General Discussion
In reply to the discussion: If Obama loses [View all]SixthSense
(829 posts)Go district by district in the House. Any Democrat in a reasonably safe district who is not 100% on our side, dump them now in favor of a peoples' candidate. Any Republican holding a seat in a Democratic district should be publicly and relentlessly exposed as a fascist and replaced with a peoples' Democrat if at all possible. (I hate that I have to qualify using the word "peoples'" but the distinction is important.) In swing districts, always work to dump the incumbent (regardless of party) in favor of a peoples' candidate, unless they are already proven to be allies. In GOP districts, go for the throat, relentlessly expose the connection between the rep and the economic damage people are experiencing - in the US of A, pocketbook issues are what matters, always - and these days more than ever!
In parallel, we need to take over the DNC and other campaign organizations for real. I don't know the policies and procedures there but I'd wager there is some way to push out the crooks and put decent people in, in their stead. If we cannot get control of these organizations, cut off all funds to them and set up new organizations to elect Democrats that we control.
It's important not to get wedded to particular people.
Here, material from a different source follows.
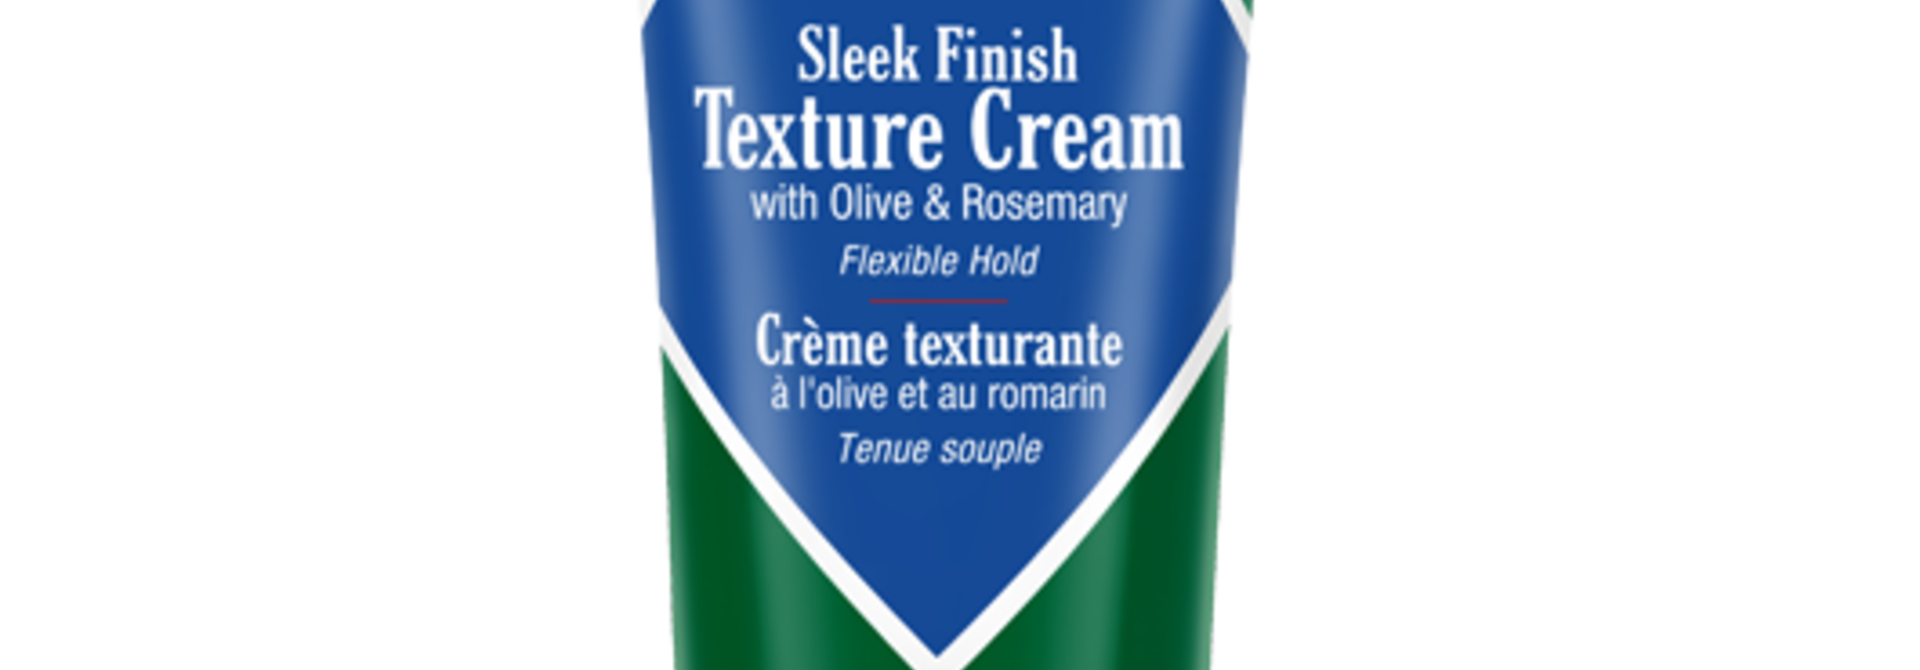 Sleek Finish Texture Cream | The Hair Care Collection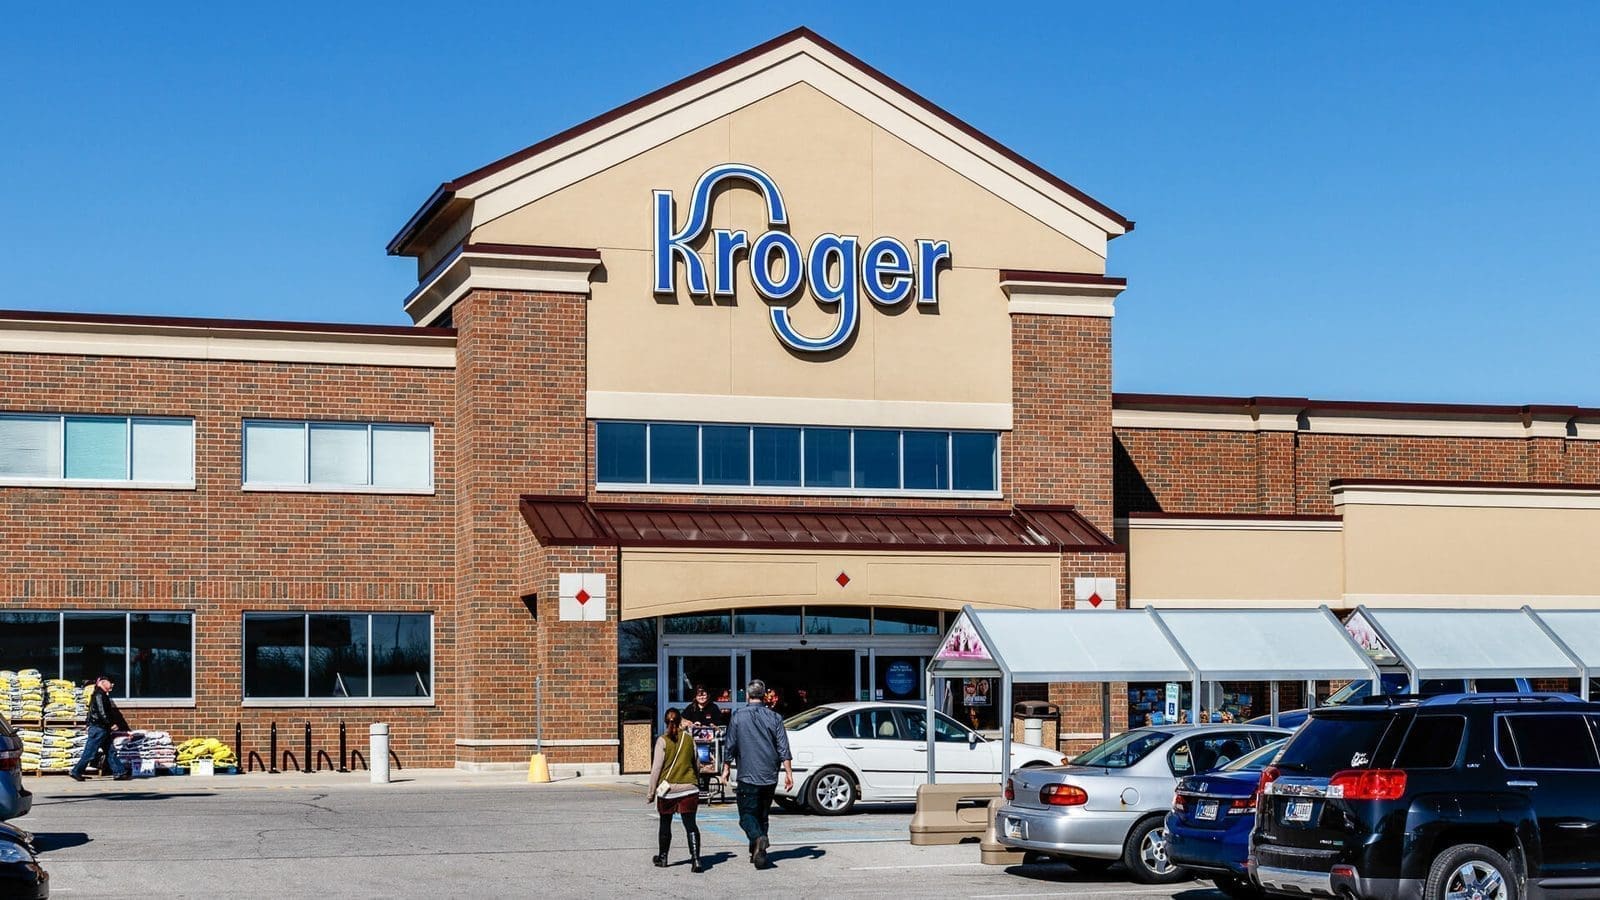 Retail giant Kroger introduces low-cost food brand as a part of revised store brand strategy

The moment anyone accepts a donation from the corporatocracy, they should be gone, finished, kaput, and it shouldn't matter how good they were previously - only a zero tolerance policy for corporatists and corporatism will keep our coalition free from fascism. In our political system, particular people shouldn't be important - that there are people who are individually important goes to show that we're not really a democracy any more but a masqued aristocracy.
No more making excuses for those who betray us for political expedience. A few aggressive recall elections as well as the willingness to dump treasonous incumbents will serve to show we are serious.
This would be together as "Step 1" - consolidate and maximize our political strength so that we can effectively lever it to produce actual policy results. Just look at what the teabaggers did... they didn't elect more than a couple dozen reps, and it was enough to produce a major shift in policy. It worked - let's duplicate and improve on it. Playing the political game as-is hasn't worked, year after year after year after year no matter who we elect things progress in the wrong direction.
These are just off-the-cuff suggestions, I'm sure someone can improve this strategy and I hope someone will more skills in politics than I picks up the idea and runs with it.